I stood in the tub to have a wash, not daring to glance at my reflection in the mirror over the basin. After towelling myself dry, I rinsed out the underwear, shivering from cold and from the trickles of yellow on my fingers. It was all in vain, of course. When Aunt came upstairs later to make the beds she certainly noticed the state of my sheets. I cringed with embarrassment.

I threw the damp underclothes in the laundry basket on the landing, and when I was back in my room putting on a clean vest I heard something outside: a metallic scraping noise from across the road.

I squeezed between my writing table and my bed to get to the window and pushed the net curtain aside.

Raindrops slithered over the panes. The plastic sheeting across the road sagged in places from the weight of the collected rainwater.

I could see Uncle Werner talking to the priest, who held one hand to his head to stop the rising wind from whipping off his hat. Both of them were looking down at a third person, of whom I caught only the occasional glimpse: a bent back, a cap, an elbow, a hand gripping the handle of a spade or some other implement.

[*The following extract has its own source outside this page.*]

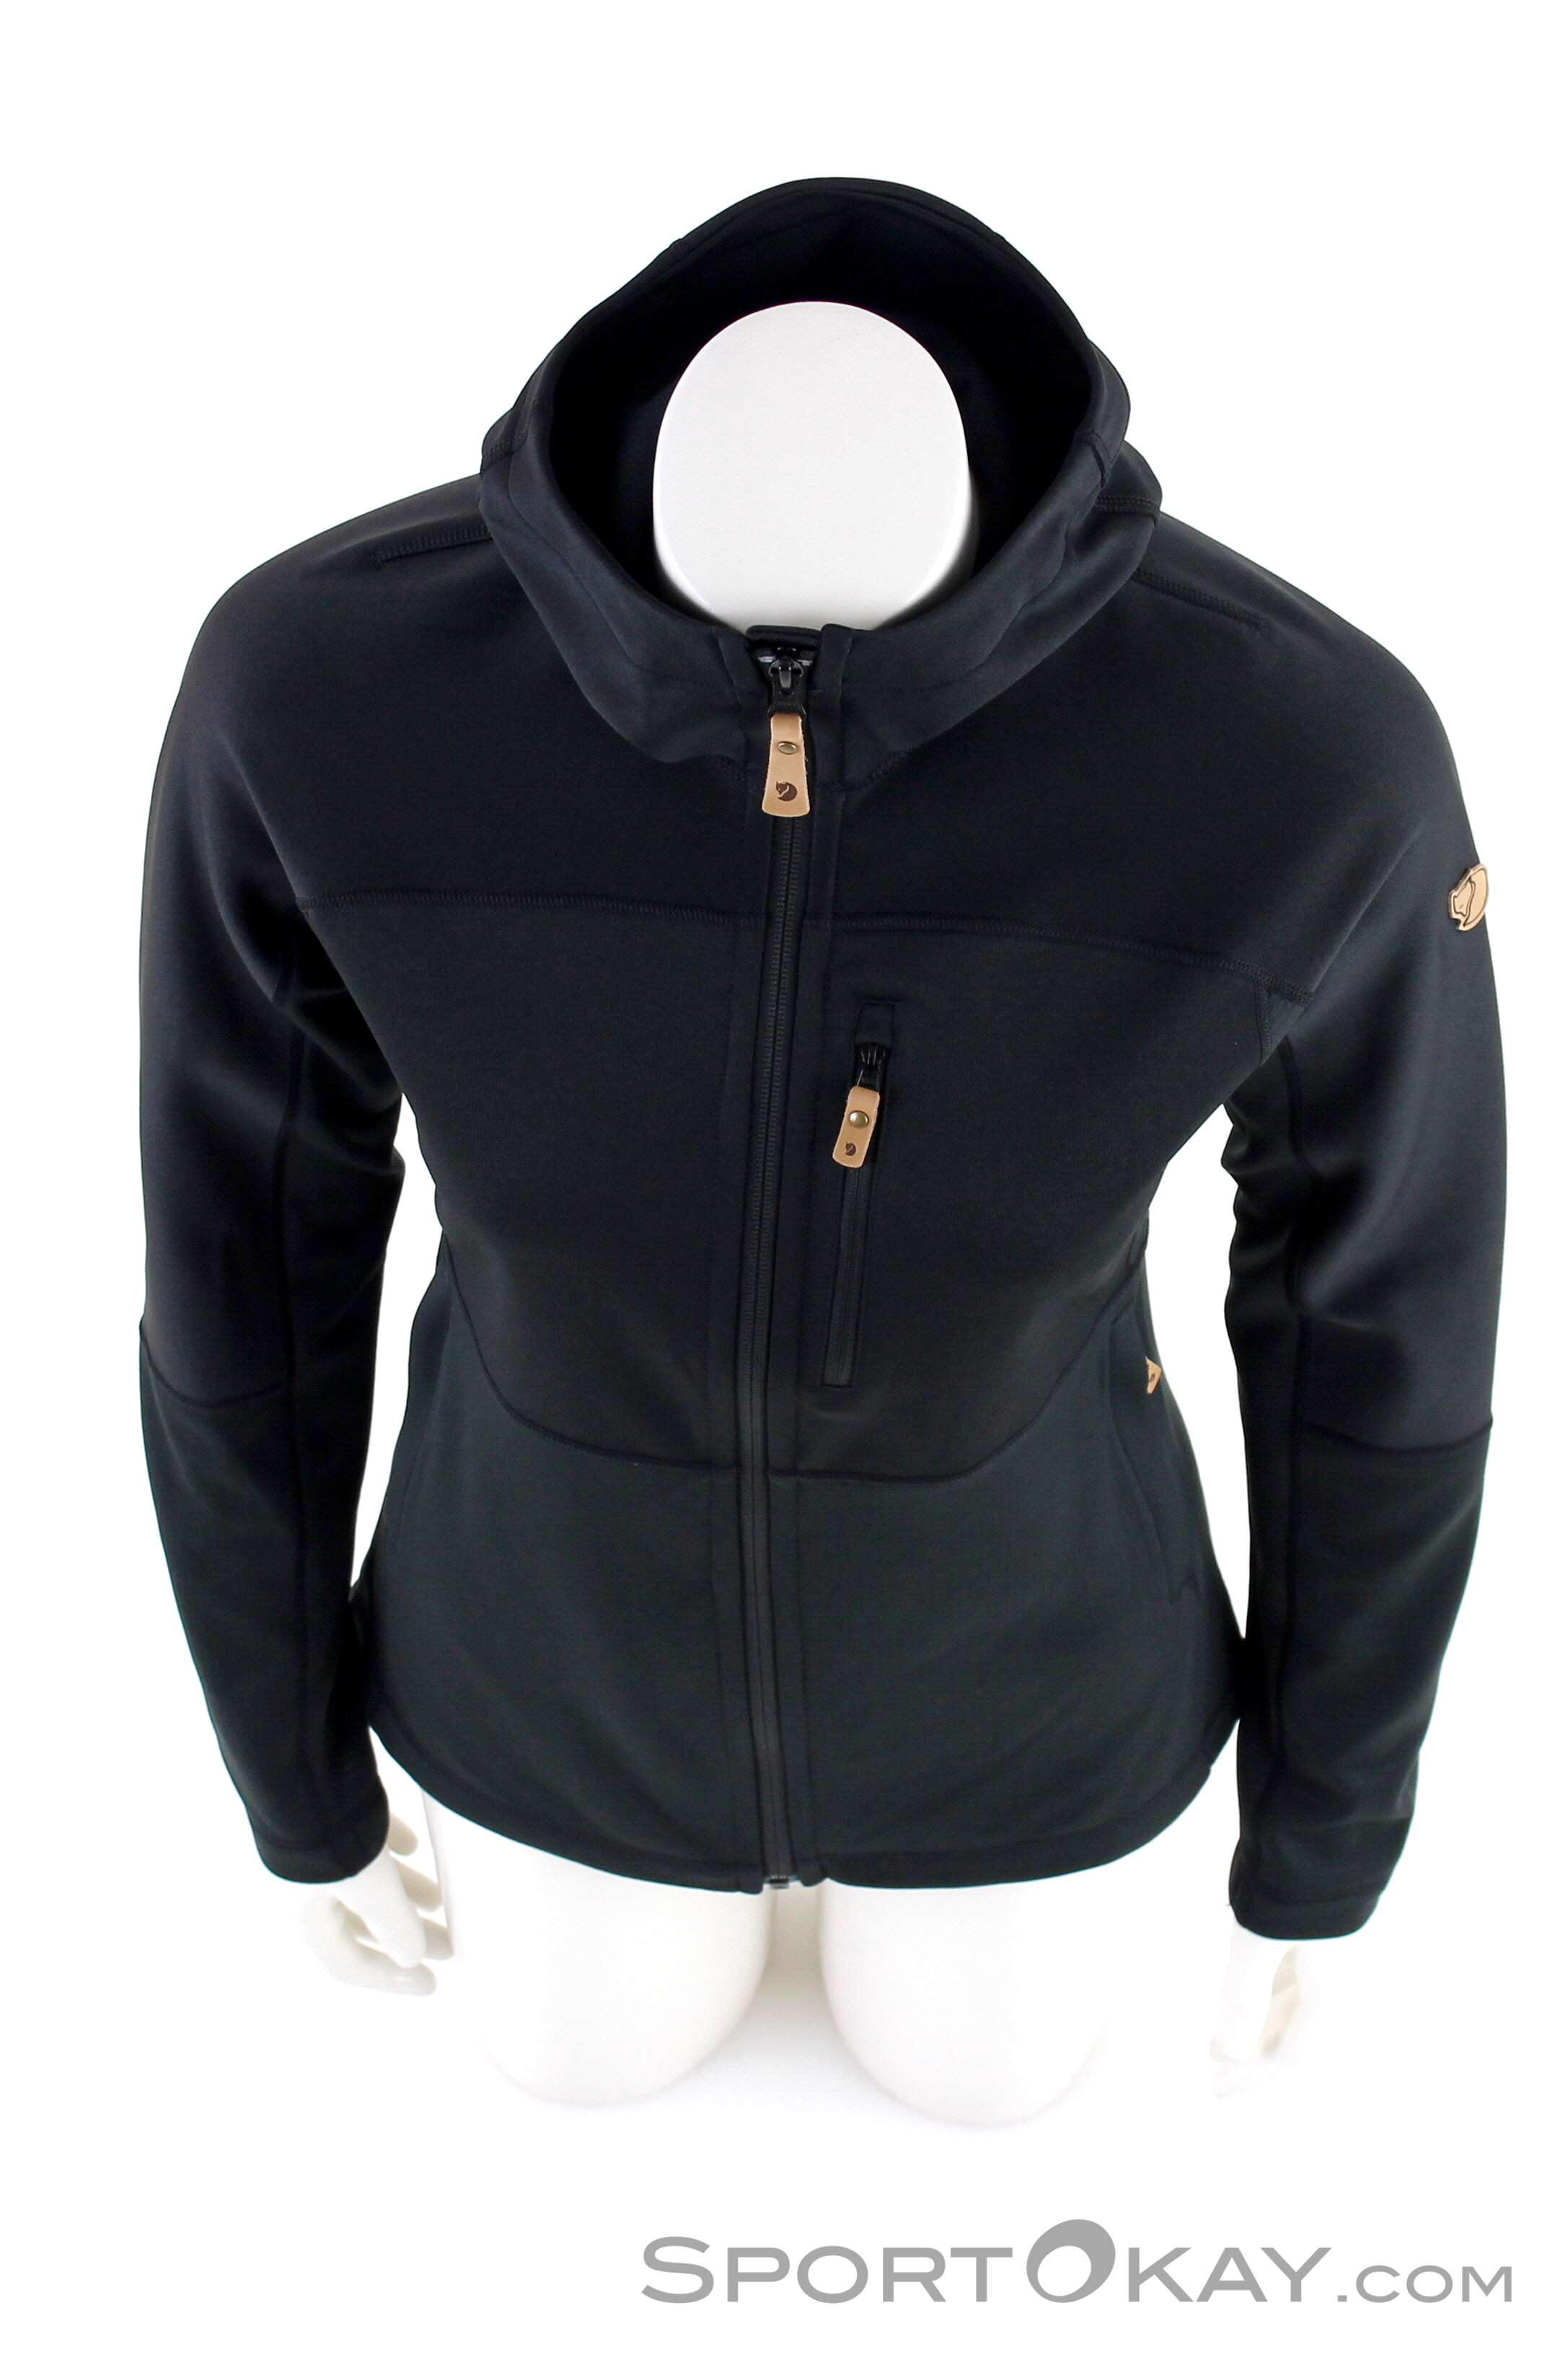 a34bd837bad4e7 Fjällräven Abisko Trail Fleece Damen Outdoorsweater - Sweater ...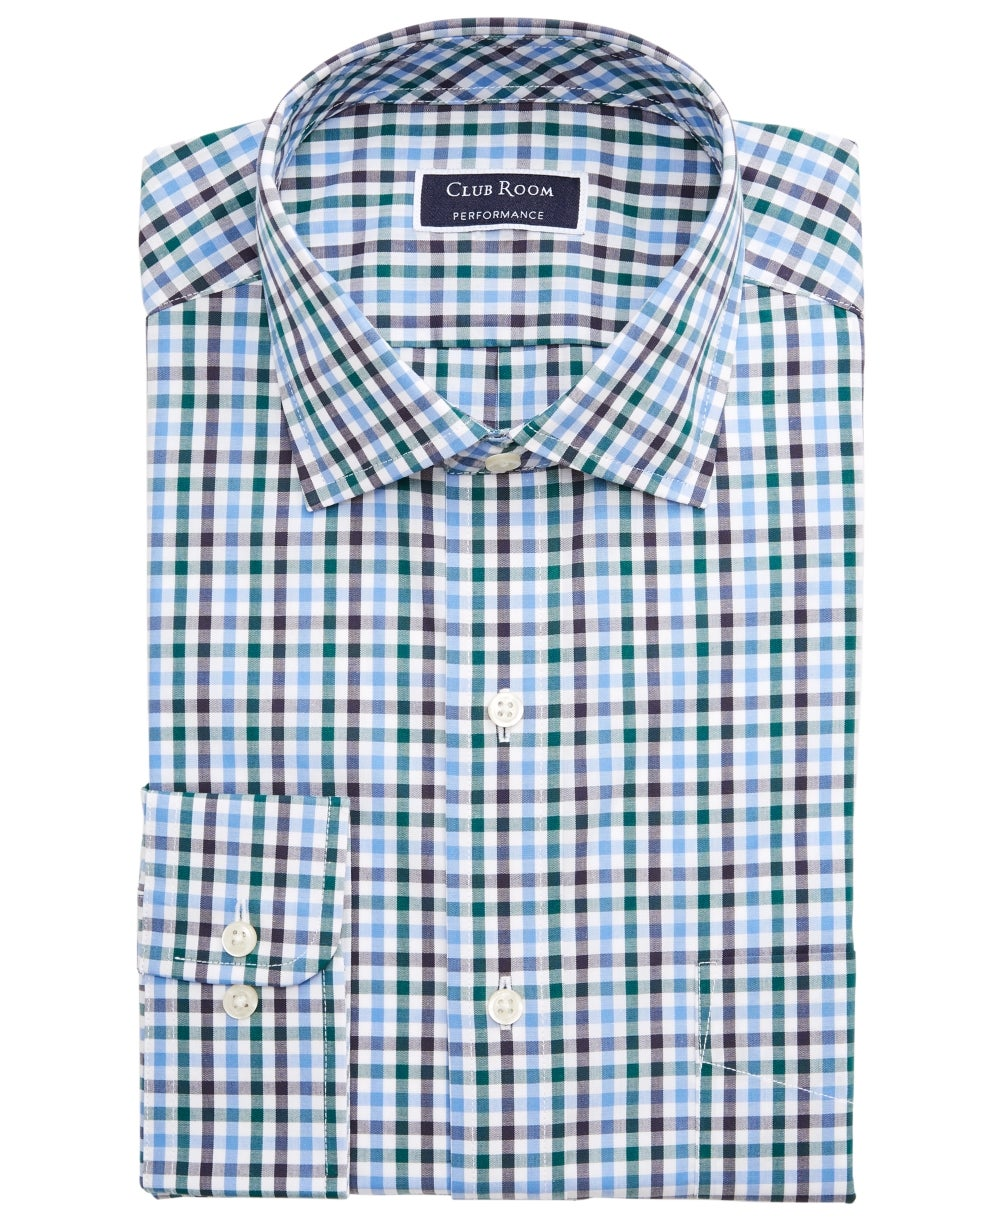 Club Room Mens Dress Shirt Blue Size 18 1/2 Regular Fit Gingham Print

The wind tore at the long mackintosh the priest wore over his cassock. At one point I saw Uncle looking the other way, perhaps to avoid the lashing rain. He gazed out over the churchyard stretching out before him like a cratered, lunar landscape, which looked as if some giant marmot or mole had been burrowing into the ground to excavate a series of tunnels.

The priest nodded in response to something Uncle said. The third figure drew himself upright. I recognised him as a local man who was employed by the public works department. He stood with muddied hands beside Uncle and the priest, all three of them with their heads down, staring at something at their feet. Then the workman bent over again. The priest turned to Uncle Werner and spoke a few words.